*Try it*.
Below are lines of data; restate word for word those running from the line containing "I’m Watching YOU" to the line containing "Cetirizin ratiopharm 10 mg Filmtabletten", inclusive, and no others.

*Record extracts*.
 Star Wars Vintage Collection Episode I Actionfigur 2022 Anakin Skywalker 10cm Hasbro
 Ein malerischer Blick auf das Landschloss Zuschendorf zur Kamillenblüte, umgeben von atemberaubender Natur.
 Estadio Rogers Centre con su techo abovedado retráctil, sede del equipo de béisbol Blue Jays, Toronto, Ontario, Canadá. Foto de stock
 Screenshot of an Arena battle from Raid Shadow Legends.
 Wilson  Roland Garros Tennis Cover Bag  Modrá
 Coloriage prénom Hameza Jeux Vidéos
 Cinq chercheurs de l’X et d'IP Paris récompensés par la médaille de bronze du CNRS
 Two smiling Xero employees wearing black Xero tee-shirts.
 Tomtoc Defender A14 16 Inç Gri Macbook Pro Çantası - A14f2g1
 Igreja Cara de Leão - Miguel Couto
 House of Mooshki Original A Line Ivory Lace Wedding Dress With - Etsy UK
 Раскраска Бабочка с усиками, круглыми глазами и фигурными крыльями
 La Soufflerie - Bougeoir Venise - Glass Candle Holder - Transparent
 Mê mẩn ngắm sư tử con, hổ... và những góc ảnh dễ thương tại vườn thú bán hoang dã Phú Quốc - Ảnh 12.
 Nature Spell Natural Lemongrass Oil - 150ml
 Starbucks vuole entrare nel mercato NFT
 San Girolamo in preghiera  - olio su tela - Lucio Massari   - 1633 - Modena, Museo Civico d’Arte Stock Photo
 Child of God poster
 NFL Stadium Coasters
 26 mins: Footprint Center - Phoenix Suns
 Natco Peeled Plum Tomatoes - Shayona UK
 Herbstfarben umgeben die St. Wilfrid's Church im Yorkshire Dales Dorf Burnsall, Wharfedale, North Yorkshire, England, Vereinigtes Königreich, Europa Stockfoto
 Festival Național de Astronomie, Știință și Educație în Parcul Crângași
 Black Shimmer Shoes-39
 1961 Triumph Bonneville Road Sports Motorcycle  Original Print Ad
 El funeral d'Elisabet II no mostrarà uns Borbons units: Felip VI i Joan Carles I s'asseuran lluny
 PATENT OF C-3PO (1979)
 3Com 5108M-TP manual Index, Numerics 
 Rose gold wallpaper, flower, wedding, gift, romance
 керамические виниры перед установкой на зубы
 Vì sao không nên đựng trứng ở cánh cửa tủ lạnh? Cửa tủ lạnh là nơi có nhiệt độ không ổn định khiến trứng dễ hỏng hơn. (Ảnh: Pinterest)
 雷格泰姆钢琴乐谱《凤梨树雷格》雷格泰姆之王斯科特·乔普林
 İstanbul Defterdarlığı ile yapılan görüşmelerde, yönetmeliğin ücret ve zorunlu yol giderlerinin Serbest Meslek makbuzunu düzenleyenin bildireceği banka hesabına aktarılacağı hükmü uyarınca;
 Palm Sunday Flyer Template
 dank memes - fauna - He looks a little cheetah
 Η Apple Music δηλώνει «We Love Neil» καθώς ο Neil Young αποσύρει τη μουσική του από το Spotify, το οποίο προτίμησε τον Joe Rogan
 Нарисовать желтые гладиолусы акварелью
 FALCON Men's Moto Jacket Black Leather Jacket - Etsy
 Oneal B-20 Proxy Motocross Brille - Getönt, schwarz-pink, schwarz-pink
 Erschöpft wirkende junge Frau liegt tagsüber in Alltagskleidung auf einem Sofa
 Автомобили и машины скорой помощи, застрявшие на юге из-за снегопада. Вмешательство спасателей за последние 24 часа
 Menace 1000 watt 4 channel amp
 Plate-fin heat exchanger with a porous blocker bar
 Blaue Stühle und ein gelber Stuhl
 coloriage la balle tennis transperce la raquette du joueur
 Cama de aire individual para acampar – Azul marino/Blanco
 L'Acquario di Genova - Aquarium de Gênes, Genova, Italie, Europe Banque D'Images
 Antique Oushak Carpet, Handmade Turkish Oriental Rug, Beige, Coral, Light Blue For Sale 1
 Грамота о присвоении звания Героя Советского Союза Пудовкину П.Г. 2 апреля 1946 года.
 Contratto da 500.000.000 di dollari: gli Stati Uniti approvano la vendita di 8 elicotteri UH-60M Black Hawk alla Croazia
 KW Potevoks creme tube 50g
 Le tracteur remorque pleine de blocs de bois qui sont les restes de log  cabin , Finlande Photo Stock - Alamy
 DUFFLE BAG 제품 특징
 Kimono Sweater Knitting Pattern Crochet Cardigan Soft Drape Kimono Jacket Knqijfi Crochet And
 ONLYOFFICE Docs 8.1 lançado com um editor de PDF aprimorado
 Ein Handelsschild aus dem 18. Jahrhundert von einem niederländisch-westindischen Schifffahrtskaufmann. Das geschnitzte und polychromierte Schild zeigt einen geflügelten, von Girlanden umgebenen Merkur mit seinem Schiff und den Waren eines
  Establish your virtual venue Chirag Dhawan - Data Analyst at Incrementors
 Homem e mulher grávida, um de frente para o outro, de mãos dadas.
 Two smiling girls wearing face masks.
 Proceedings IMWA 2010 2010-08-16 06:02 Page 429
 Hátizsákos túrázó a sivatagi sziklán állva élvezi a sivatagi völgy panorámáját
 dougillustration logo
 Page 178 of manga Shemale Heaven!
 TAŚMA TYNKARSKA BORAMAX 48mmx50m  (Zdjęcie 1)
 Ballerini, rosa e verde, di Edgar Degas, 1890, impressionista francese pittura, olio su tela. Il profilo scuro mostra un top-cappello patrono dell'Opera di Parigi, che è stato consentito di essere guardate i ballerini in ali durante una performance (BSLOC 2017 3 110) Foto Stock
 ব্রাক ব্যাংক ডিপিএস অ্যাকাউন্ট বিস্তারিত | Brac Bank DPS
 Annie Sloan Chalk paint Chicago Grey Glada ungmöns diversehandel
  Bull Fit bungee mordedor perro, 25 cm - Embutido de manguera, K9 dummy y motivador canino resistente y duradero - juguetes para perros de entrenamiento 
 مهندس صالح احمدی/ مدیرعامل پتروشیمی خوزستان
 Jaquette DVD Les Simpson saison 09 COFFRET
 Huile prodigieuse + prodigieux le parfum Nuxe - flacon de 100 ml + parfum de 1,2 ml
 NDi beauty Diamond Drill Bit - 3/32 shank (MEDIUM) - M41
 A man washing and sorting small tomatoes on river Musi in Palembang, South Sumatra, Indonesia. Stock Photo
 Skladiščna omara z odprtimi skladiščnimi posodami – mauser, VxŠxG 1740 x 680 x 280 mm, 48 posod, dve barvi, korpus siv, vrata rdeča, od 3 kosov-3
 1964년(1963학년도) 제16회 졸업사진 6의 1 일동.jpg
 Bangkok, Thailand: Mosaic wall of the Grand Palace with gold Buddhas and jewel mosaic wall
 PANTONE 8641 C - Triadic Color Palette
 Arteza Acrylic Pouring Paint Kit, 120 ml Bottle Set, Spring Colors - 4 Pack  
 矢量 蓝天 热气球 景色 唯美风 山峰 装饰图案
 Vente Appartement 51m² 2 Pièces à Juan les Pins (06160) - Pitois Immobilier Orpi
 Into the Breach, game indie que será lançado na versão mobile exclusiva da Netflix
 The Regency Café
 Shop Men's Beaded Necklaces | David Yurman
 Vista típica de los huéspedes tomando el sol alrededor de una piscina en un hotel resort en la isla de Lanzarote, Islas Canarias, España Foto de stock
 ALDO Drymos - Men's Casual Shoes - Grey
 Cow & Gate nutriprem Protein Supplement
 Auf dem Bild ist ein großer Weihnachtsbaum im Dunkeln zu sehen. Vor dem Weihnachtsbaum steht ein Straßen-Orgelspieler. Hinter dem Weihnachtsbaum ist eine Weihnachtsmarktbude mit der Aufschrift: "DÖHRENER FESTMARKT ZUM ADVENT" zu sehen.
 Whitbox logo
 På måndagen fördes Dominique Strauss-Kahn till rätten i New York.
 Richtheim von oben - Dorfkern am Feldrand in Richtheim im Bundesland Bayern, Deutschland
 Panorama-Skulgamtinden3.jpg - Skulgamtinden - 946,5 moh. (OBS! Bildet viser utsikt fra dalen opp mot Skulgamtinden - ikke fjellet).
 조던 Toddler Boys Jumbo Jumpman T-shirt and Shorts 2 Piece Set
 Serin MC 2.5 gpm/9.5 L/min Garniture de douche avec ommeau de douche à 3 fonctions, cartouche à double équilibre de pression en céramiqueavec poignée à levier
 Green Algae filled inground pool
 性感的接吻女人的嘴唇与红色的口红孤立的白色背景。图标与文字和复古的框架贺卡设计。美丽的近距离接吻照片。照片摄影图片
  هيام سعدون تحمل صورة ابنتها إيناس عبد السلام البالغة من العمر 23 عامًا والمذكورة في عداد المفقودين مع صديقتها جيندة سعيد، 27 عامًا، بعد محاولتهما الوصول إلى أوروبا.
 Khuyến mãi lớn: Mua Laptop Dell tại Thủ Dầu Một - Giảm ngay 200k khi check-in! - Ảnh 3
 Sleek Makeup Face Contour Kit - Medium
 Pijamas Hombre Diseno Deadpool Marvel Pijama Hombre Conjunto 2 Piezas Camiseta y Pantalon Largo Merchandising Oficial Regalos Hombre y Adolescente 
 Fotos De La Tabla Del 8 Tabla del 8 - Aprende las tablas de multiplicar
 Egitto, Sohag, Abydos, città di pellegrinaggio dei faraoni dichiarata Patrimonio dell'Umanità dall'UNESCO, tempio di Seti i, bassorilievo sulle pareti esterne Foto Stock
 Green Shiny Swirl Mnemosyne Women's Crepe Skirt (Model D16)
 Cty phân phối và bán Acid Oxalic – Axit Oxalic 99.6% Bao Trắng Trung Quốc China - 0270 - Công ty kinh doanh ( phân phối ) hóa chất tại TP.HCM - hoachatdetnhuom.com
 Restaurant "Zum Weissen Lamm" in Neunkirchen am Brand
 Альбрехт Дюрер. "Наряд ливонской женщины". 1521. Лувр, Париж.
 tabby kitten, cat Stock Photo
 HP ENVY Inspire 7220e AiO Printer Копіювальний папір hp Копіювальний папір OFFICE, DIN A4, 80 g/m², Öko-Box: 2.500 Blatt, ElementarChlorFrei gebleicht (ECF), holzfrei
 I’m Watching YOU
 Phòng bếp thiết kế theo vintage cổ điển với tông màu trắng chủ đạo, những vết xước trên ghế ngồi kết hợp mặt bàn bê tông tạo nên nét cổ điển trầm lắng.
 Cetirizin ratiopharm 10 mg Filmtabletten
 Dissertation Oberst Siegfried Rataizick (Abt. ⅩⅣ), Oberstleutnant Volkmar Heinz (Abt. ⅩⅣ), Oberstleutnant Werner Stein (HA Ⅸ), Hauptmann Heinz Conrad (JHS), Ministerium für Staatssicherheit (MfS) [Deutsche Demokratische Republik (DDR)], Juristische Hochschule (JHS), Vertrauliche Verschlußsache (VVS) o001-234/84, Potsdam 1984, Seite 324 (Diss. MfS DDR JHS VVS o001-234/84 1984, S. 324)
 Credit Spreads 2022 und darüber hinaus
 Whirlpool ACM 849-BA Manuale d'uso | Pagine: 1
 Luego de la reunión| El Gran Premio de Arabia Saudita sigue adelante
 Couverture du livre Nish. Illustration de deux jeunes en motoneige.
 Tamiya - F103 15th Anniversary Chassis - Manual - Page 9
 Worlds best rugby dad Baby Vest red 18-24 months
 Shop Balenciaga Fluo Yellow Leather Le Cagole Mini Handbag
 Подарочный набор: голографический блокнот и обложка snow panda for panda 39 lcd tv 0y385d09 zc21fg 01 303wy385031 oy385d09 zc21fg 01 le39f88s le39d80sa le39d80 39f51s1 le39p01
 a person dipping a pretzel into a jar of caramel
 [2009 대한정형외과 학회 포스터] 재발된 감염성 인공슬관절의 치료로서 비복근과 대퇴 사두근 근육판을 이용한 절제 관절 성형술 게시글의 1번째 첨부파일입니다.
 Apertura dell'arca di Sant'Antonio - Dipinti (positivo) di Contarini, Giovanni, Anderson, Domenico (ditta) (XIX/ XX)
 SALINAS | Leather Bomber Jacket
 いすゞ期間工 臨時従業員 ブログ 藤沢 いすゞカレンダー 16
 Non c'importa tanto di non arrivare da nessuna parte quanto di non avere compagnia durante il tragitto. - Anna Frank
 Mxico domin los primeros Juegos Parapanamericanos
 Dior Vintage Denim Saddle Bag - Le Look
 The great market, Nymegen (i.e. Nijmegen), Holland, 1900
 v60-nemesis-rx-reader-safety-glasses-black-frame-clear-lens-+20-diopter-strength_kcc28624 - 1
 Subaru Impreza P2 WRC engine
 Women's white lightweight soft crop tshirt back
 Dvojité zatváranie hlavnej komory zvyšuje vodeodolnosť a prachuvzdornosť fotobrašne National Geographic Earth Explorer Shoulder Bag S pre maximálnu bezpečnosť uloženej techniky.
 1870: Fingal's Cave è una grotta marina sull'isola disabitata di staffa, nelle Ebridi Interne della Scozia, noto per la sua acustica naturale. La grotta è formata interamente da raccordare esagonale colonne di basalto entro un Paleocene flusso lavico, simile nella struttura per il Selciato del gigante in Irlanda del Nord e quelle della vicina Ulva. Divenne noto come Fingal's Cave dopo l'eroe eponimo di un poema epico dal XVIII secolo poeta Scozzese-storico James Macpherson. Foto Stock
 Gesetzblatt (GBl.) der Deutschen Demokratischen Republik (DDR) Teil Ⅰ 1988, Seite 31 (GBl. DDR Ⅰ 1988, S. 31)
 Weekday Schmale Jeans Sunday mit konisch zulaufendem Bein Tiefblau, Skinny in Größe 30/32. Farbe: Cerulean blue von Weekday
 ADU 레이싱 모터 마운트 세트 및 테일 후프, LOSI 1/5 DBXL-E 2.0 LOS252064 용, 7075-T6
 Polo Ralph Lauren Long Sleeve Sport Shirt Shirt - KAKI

*Solution*.
 I’m Watching YOU
 Phòng bếp thiết kế theo vintage cổ điển với tông màu trắng chủ đạo, những vết xước trên ghế ngồi kết hợp mặt bàn bê tông tạo nên nét cổ điển trầm lắng.
 Cetirizin ratiopharm 10 mg Filmtabletten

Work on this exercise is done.